Help a victim by wrapping him in blankets or layers of clothing, especially around the head and neck, and providing warm beverages.  Severe cases should go to the hospital.

Austin emergency workers also responded to dozens of falls on icy sidewalks and roads.

Injuries from falls can be most risky for the elderly, who may end up in a nursing home because of a broken hip or other bone.  Falls can also cause traumatic brain injury to the elderly, which can be fatal.

If you fall, it’s best to lie still for a few moments and assess how you are feeling to prevent further injury.  If you think injuries are serious, ask for help to call emergency workers.

If a fall has not caused serious injury, try to get up slowly by rolling to one side and using arms and legs to stand.  Apply ice to mild injuries to prevent swelling.

Some desperate residents who lost power turned to barbecue grills, wood furnaces, car heaters, and other energy sources for warmth and cooking.  Unfortunately, those devices can release dangerous levels of carbon monoxide, an odorless gas created by burning fuel that can result in poisoning or death.

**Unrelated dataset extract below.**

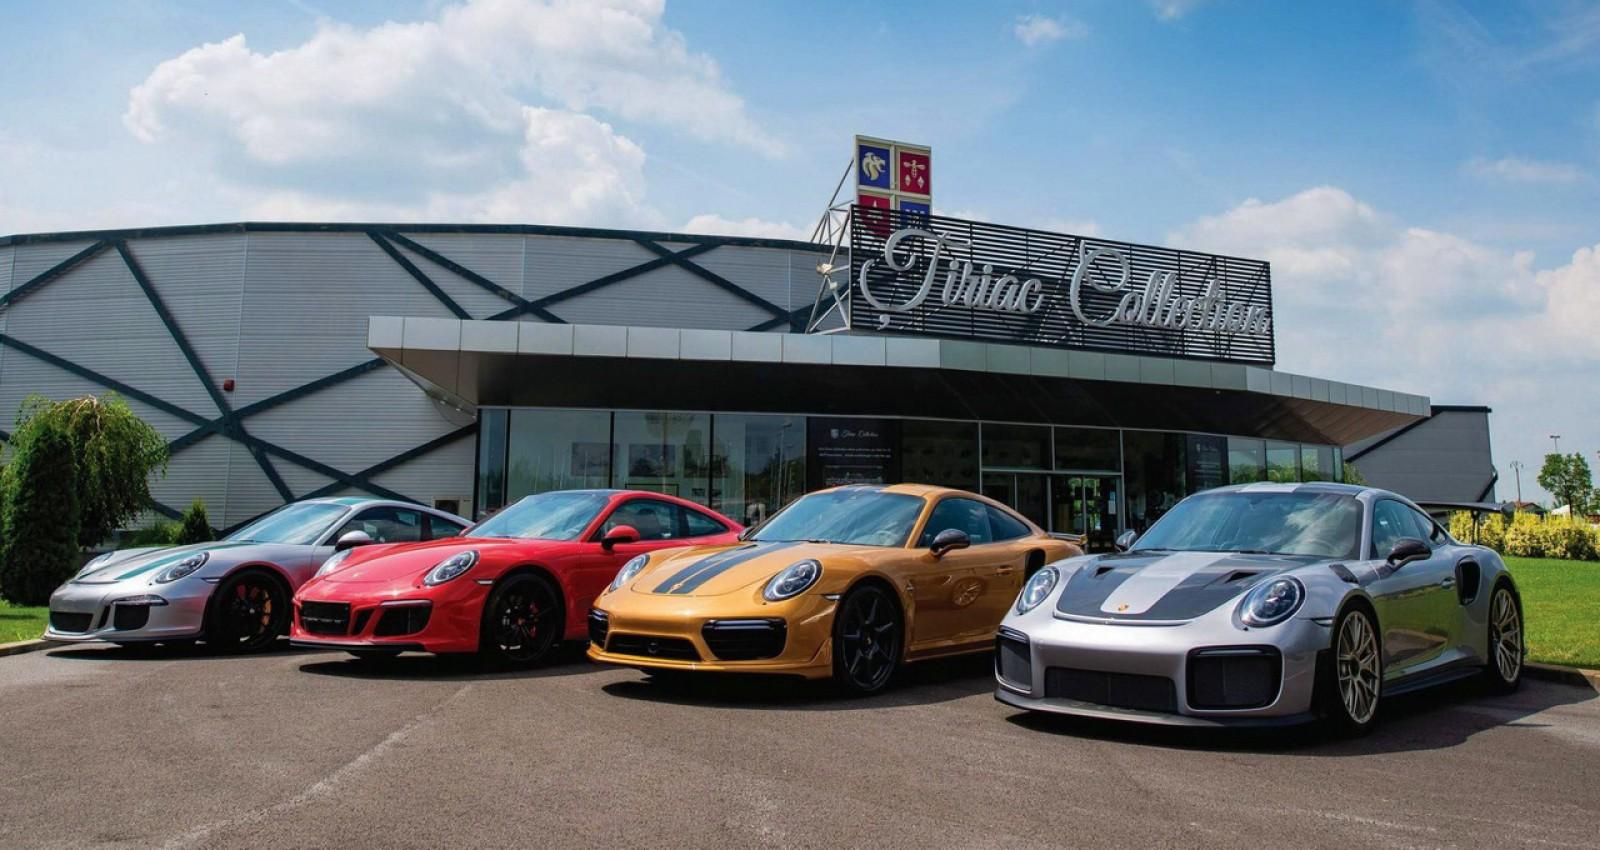 (foto) Trei maşini noi şi exclusive, toate marca Porsche, au completat colecţia lui Ion Ţiriac
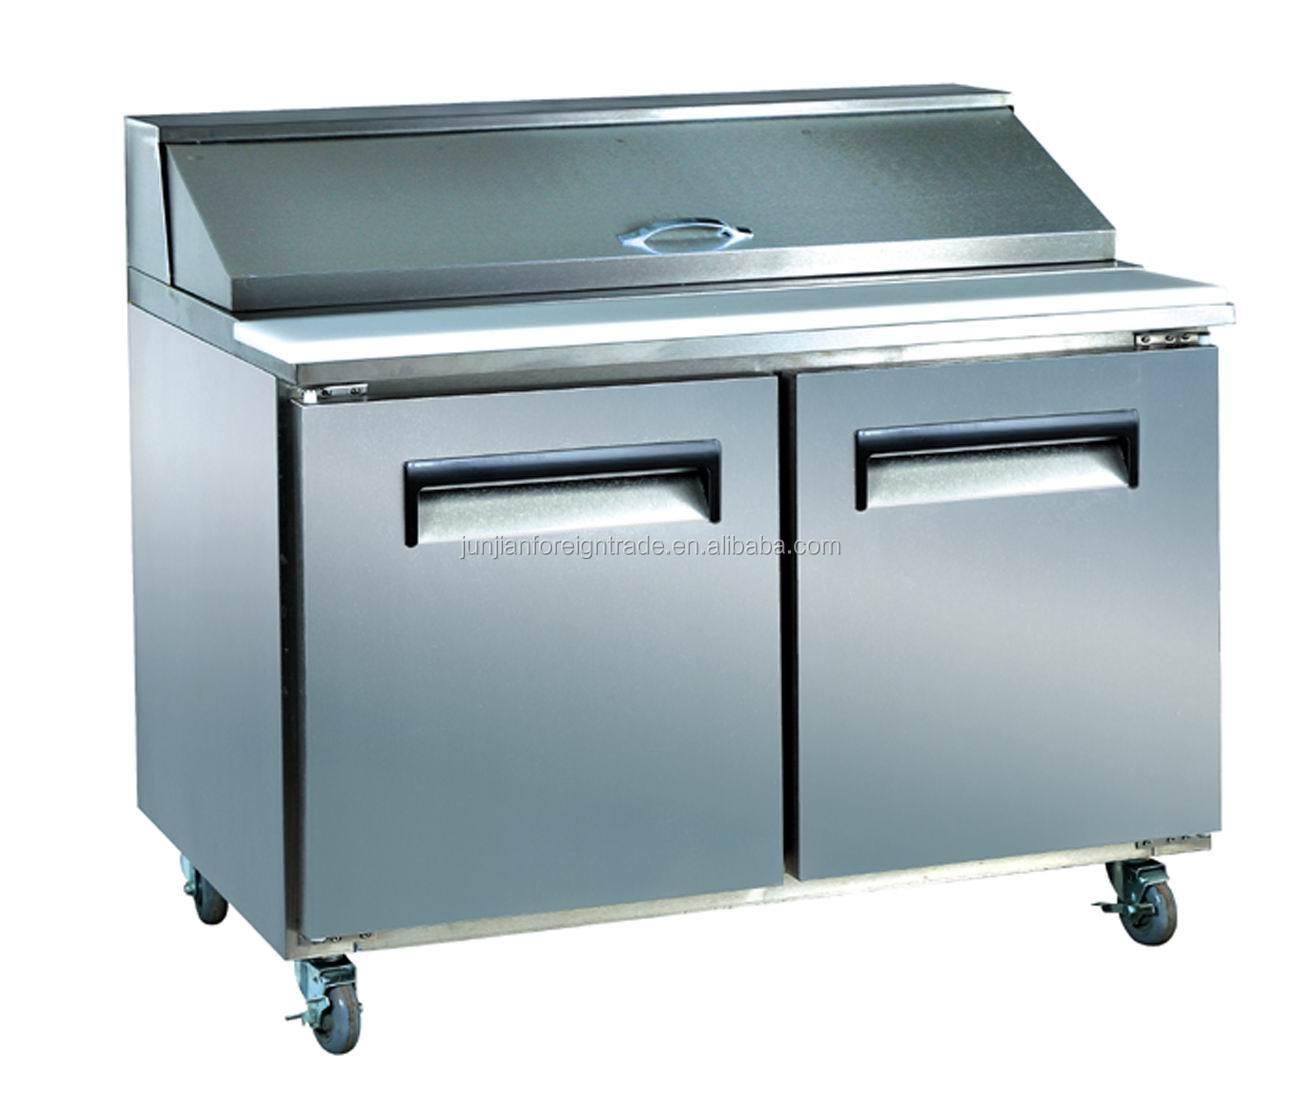 2015 Sales Well Glass Door Freezer Work Table Refrigerator

Inhaling carbon monoxide interferes with your body’s oxygen use and may damage your brain and other organs.  There are many symptoms of poisoning, including headache, weakness, nausea and vomiting, and disorientation. 

If you suspect poisoning,  get fresh air quickly and seek medical treatment.  Carbon monoxide alarms should be installed in the home to detect unsafe levels of the gas.

The lower temperatures and stressful conditions also left residents more vulnerable to illness.  Viruses and germs spread more easily in cold weather and among people who are cooped up indoors and in close contact.  That meant more colds and coughs, bronchitis, and flu and pneumonia, amid the already difficult conditions of the covid-19 pandemic.

Some who did get sick faced a challenging recovery, due to a lack of home heating and clean water for drinking,  bathing, cooking, and washing hands.   Some residents were not even able to access medicine and nutritious food.

Extreme weather events  are unusual but not unprecedented in Texas, and may occur more frequently as the climate changes.

Given the dire situation in February, some residents might consider stocking up on basic emergency supplies in the event of another crisis, including bottled water, food and first aid supplies, and alternate heating sources.